The symptoms of DMD usually appear in early childhood and may include:
Some common treatments for DMD include:
Corticosteroids: Corticosteroids, such as prednisone and deflazacort, are medications that can help slow the progression of muscle weakness and wasting in DMD. They work by reducing inflammation and improving muscle strength.
Physical therapy: Physical therapy can help maintain muscle strength and flexibility, and improve mobility and independence. A physical therapist can develop an exercise program tailored to the individual's needs and abilities.
Mobility aids: Mobility aids, such as wheelchairs, scooters, and braces, can help individuals with DMD move around and maintain their independence. They can also help prevent falls and other injuries.

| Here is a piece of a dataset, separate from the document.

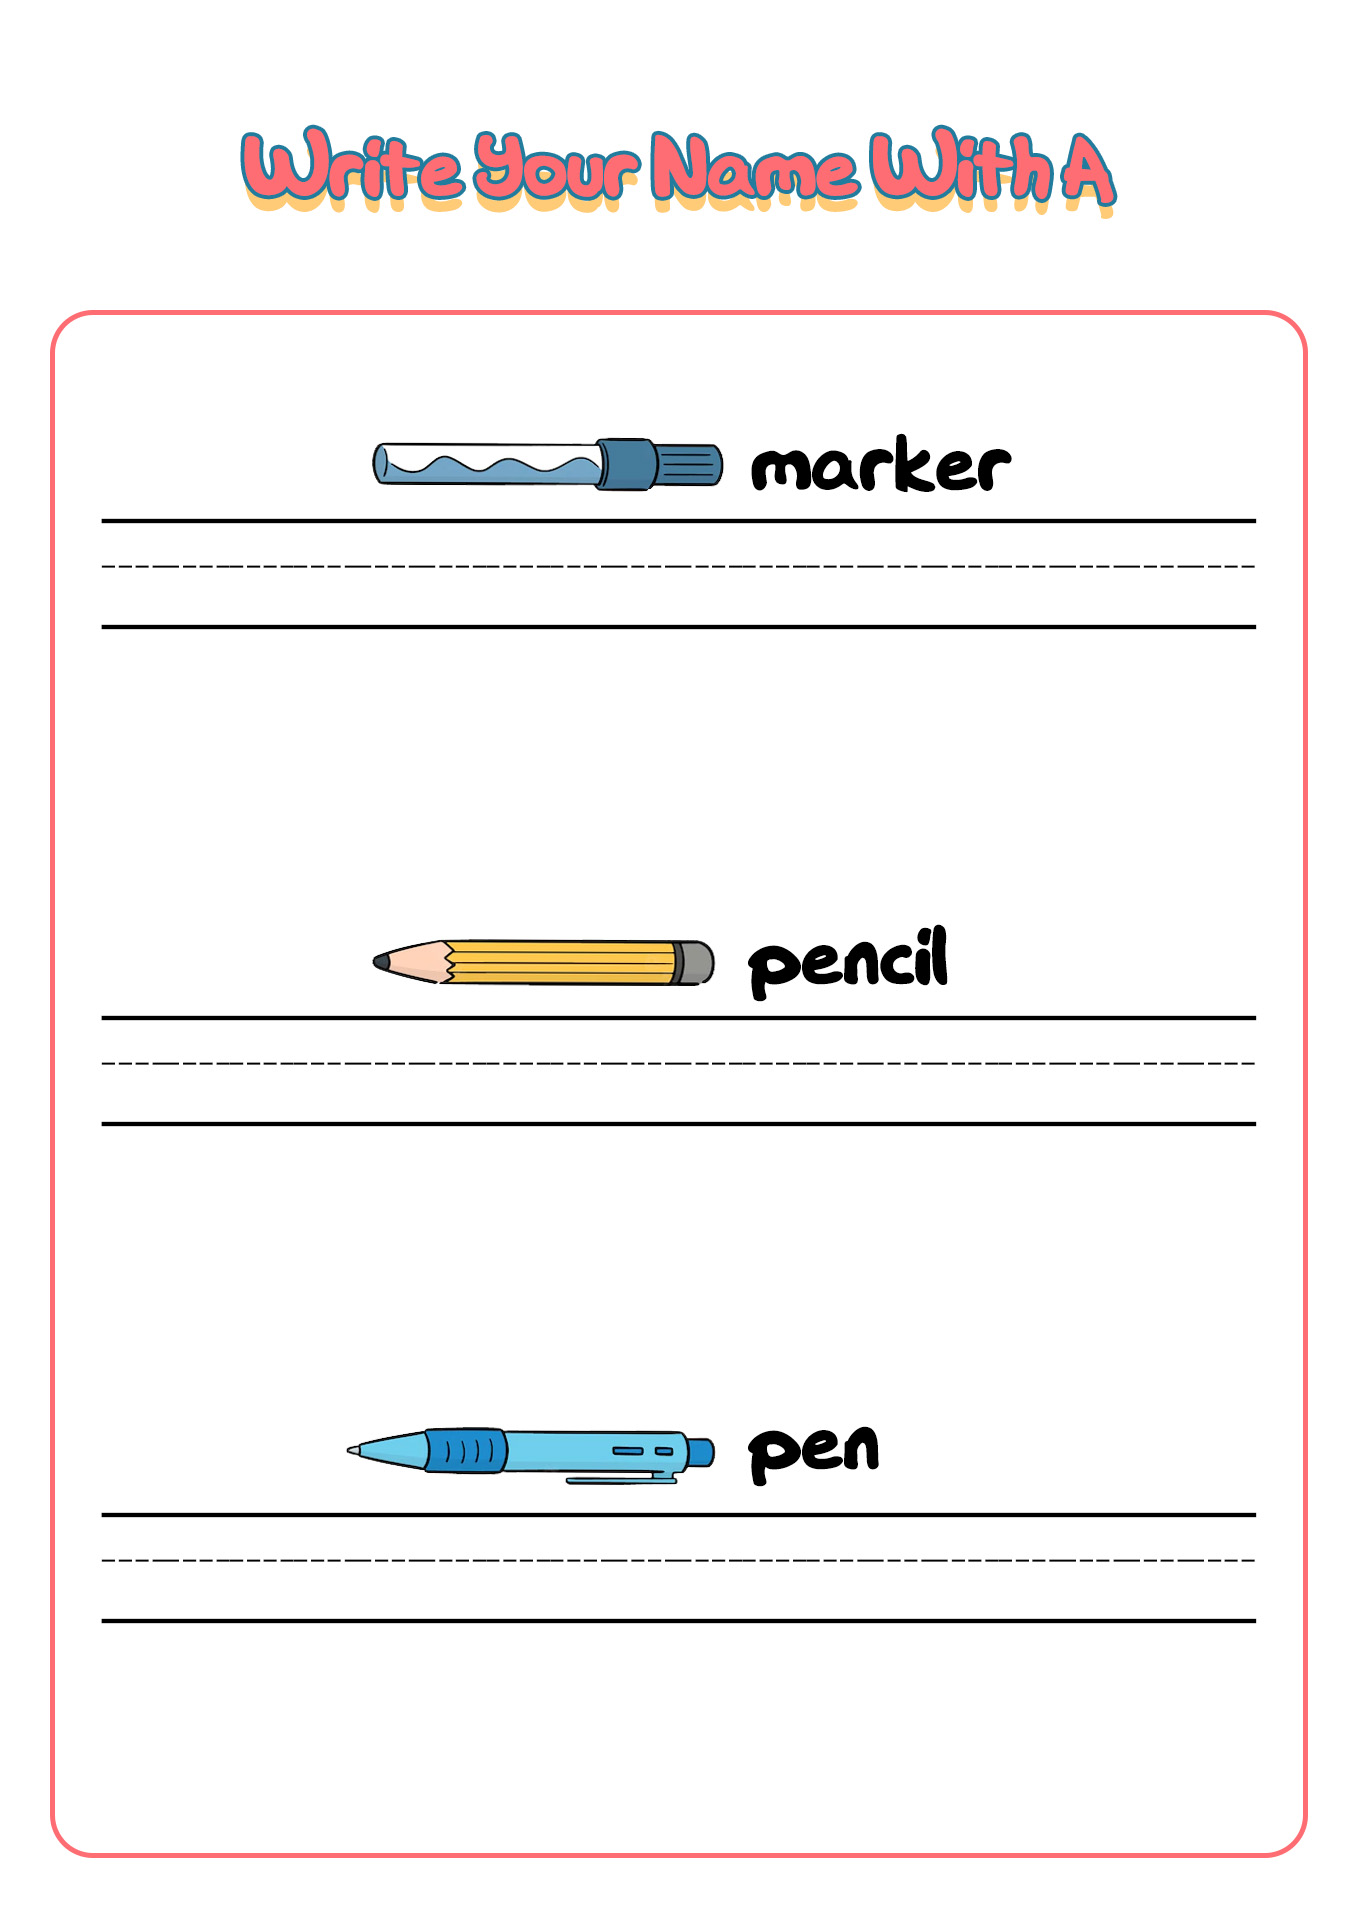 Marker Pen Pencil Writing Name Worksheet Image
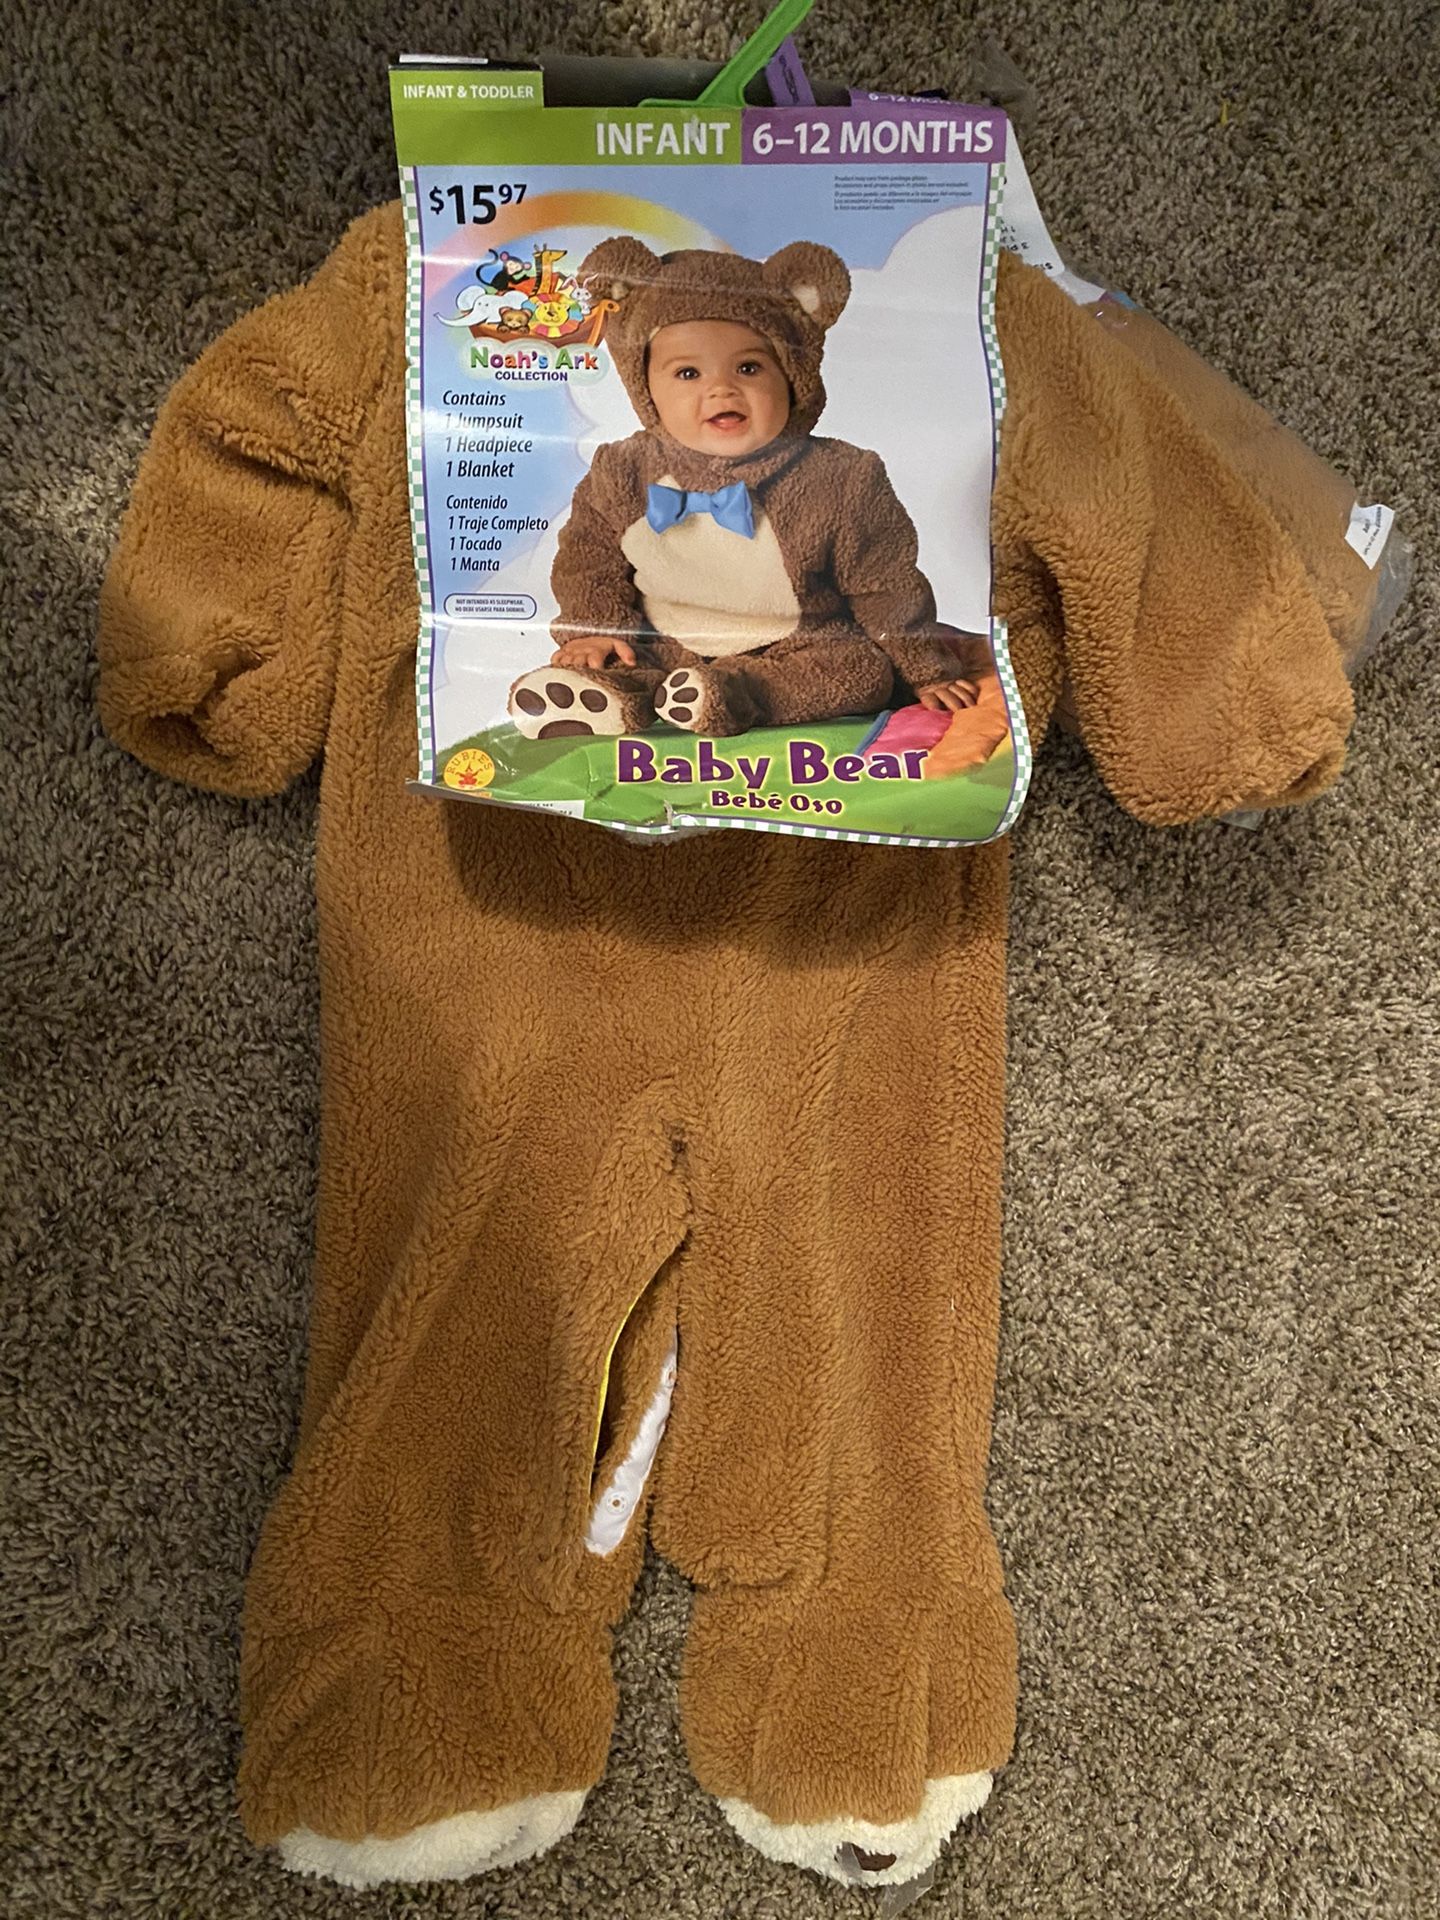 Baby bear costume

Respiratory therapy: Respiratory therapy may be needed to help manage breathing difficulties, particularly at night or during sleep. This may include the use of a breathing machine or oxygen therapy.
Duchenne Muscular Dystrophy (DMD) is a genetic disorder caused by a mutation in the DMD gene on the X chromosome. The DMD gene codes for the protein dystrophin, which is an essential component of the muscles that helps to maintain their structure and function.